# R/maximumAmbience.R In DropletUtils: Utilities for Handling Single-Cell Droplet Data

#### Documented in maximumAmbience

#' Maximum ambient contribution
#'
#' Compute the maximum contribution of the ambient solution to an expression profile for a group of droplets.
#'
#' @param y A numeric count matrix where each row represents a gene and each column represents an expression profile.
#' The profile usually contains aggregated counts for multiple droplets in a sample, e.g., for a cluster of cells.
#' This can also be a vector, in which case it is converted into a one-column matrix.
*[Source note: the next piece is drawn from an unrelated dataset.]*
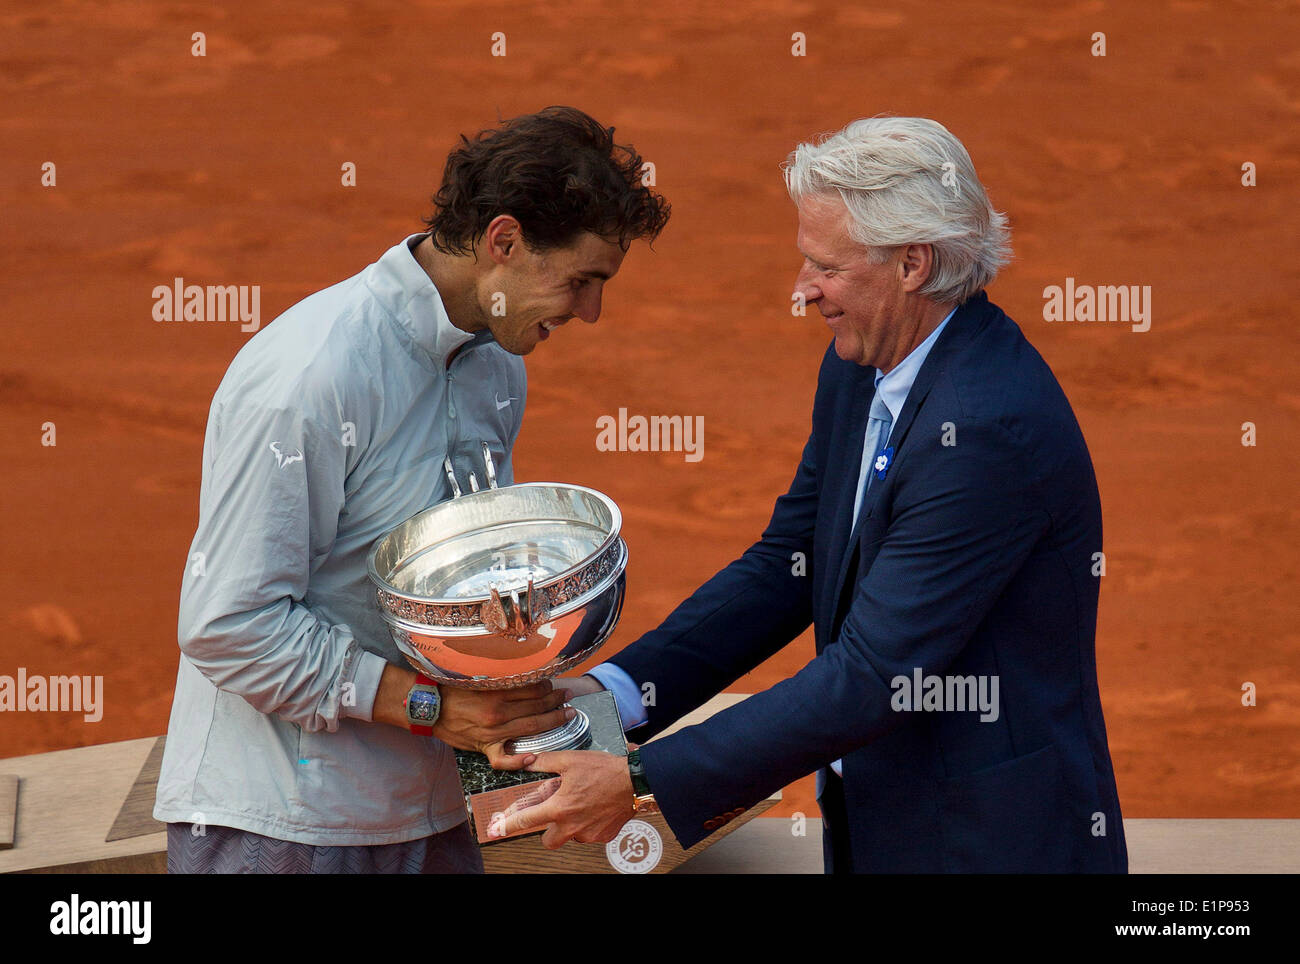 Paris, France. 8th June, 2014. Tennis, French Open, Roland Garros, Final men: Rafael Nadal (ESP) receives the trophy  out of the hands of former winner Bjorn Borg Photo:Tennisimages/Henk Koster/Alamy Live News Stock Photo

#' @param ambient A numeric vector of length equal to \code{nrow(y)},
#' containing the proportions of transcripts for each gene in the ambient solution.
#' Alternatively, a matrix where each row corresponds to a row of \code{y}
#' and each column contains a specific ambient profile for the corresponding column of \code{y}.
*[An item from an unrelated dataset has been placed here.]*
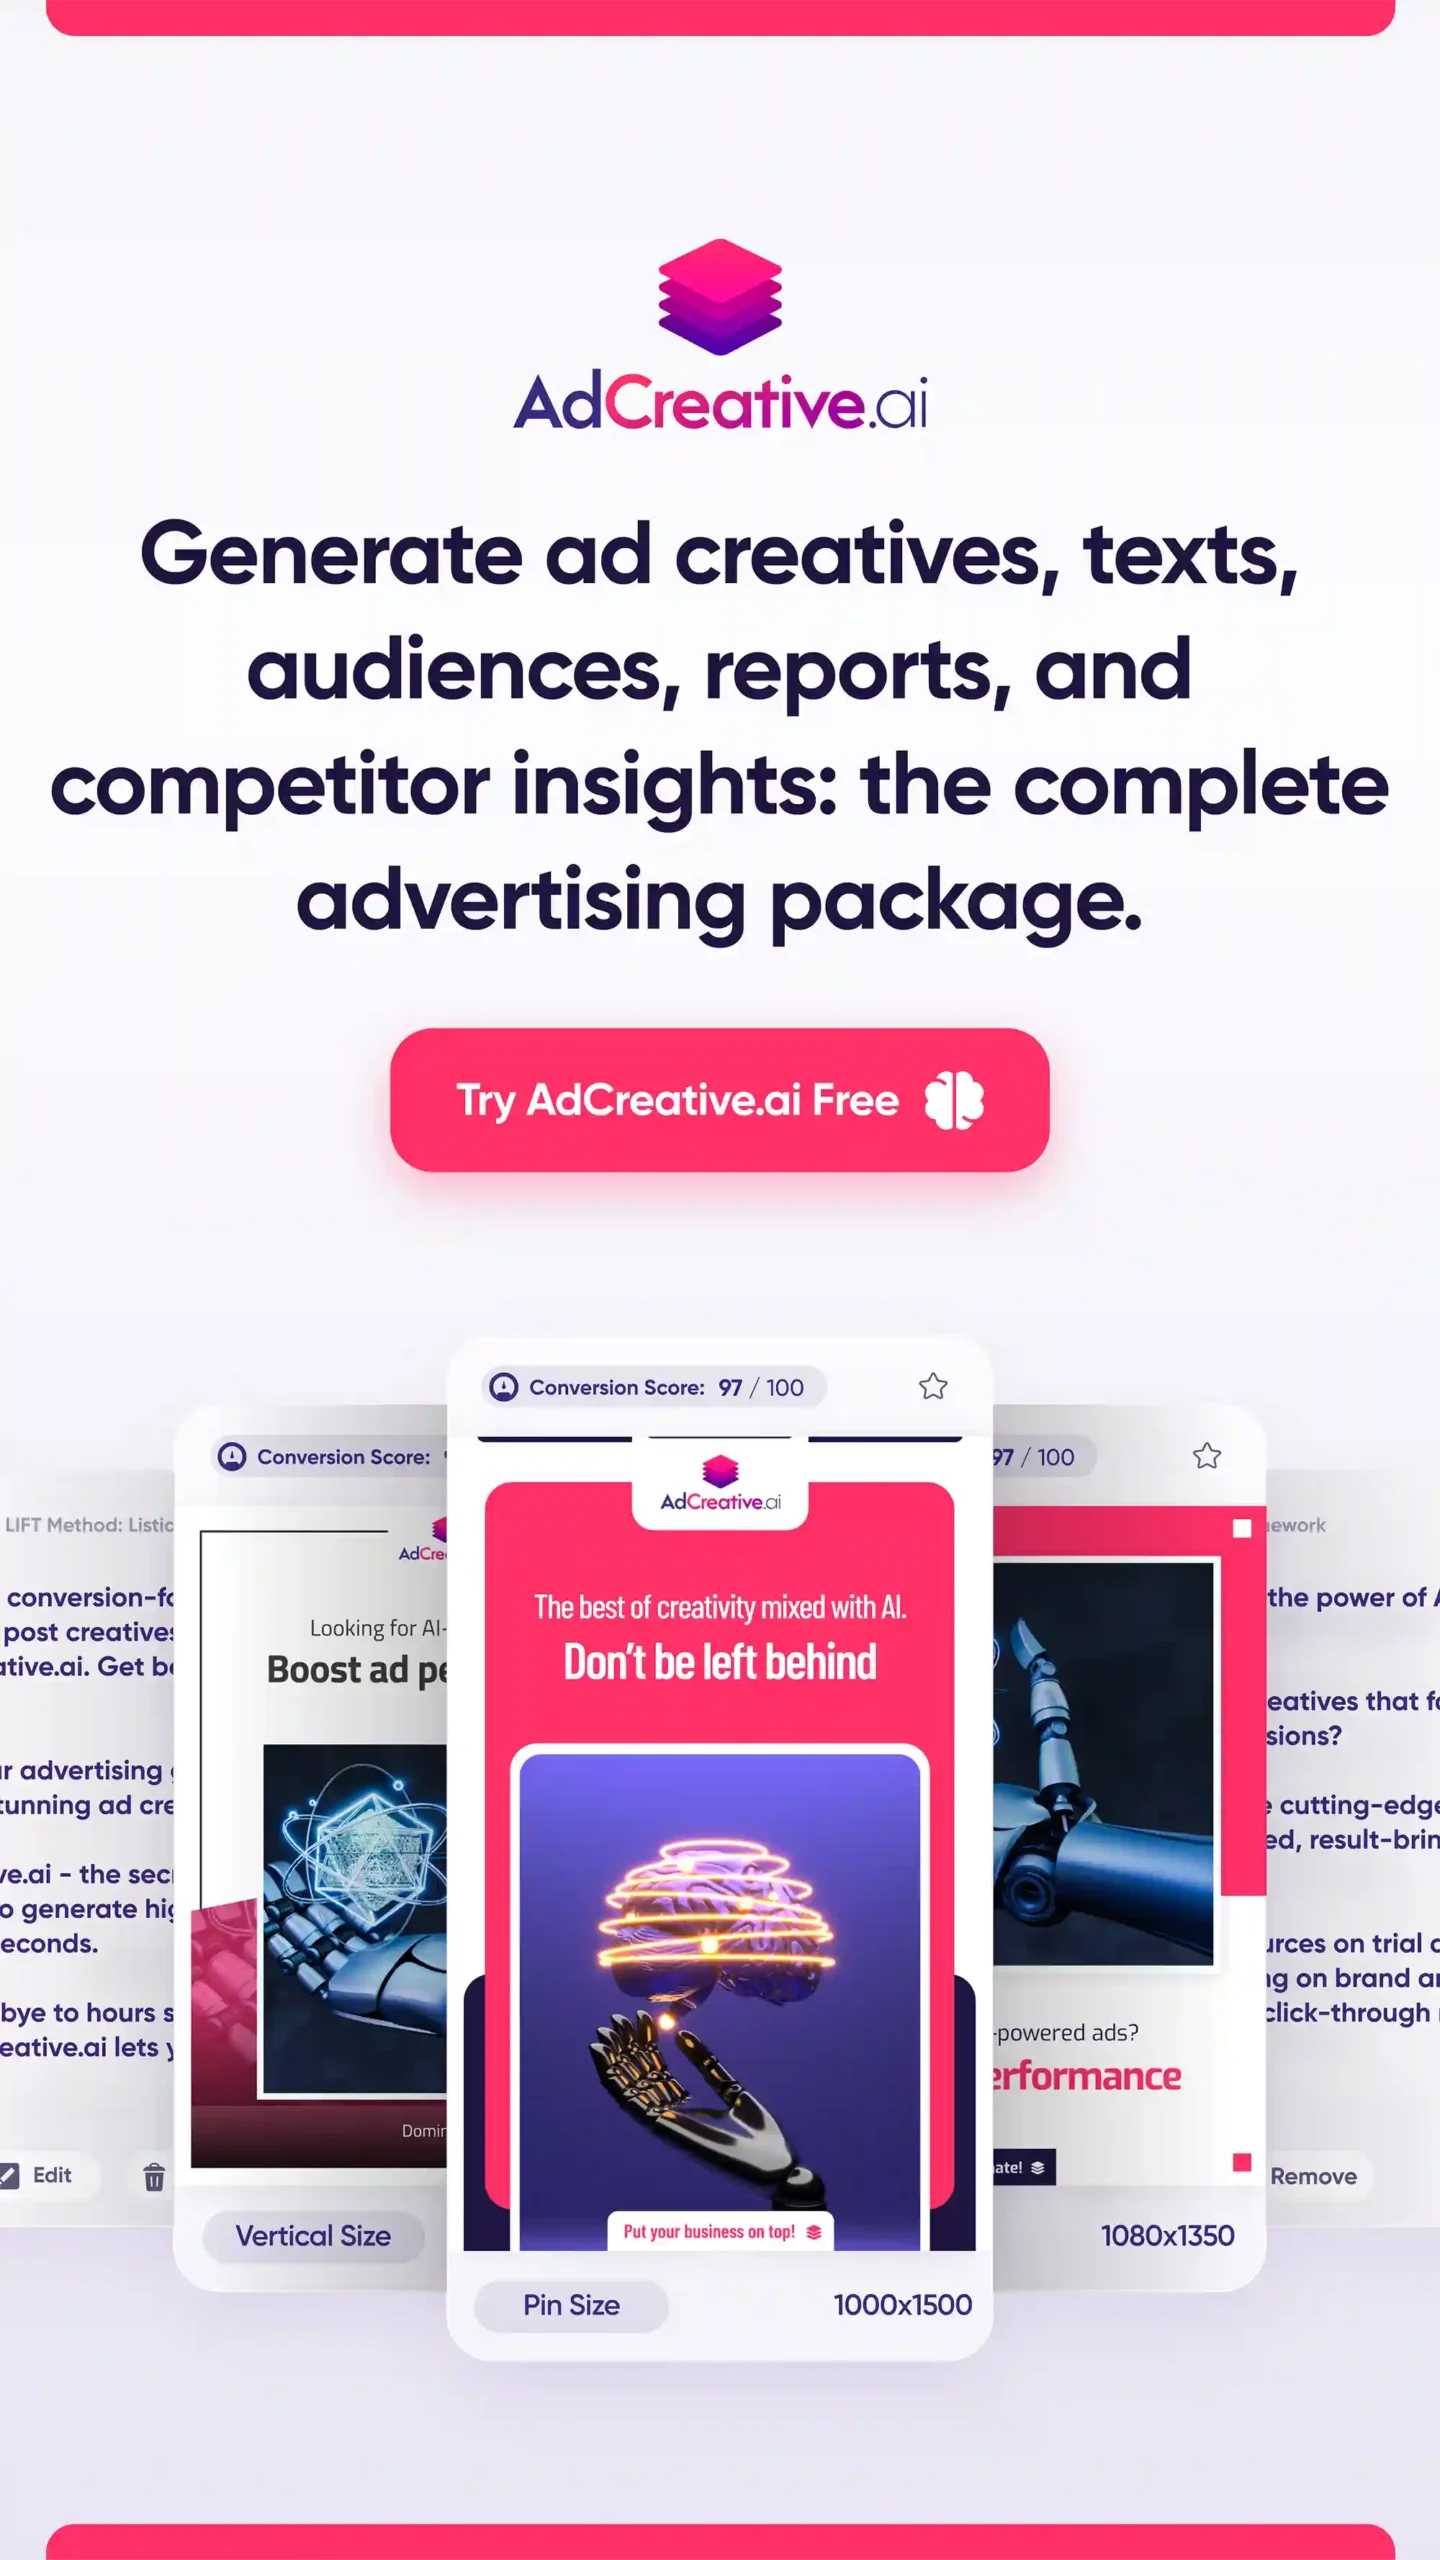 Discover more about the What Is Adcreative.AI?.

#' @param threshold Numeric scalar specifying the p-value threshold to use, see Details.
#' @param dispersion Numeric scalar specifying the dispersion to use in the negative binomial model.
#' Defaults to zero, i.e., a Poisson model.
#' @param num.points Integer scalar specifying the number of points to use for the grid search.
#' @param num.iter Integer scalar specifying the number of iterations to use for the grid search.
#' @param mode String indicating the output to return - the scaling factor, the ambient profile or the proportion of each gene's counts in \code{y} that is attributable to ambient contamination.
#'
#' @return
#' If \code{mode="scale"},
#' a numeric vector is returned quantifying the maximum \dQuote{contribution} of the ambient solution to each column of \code{y}.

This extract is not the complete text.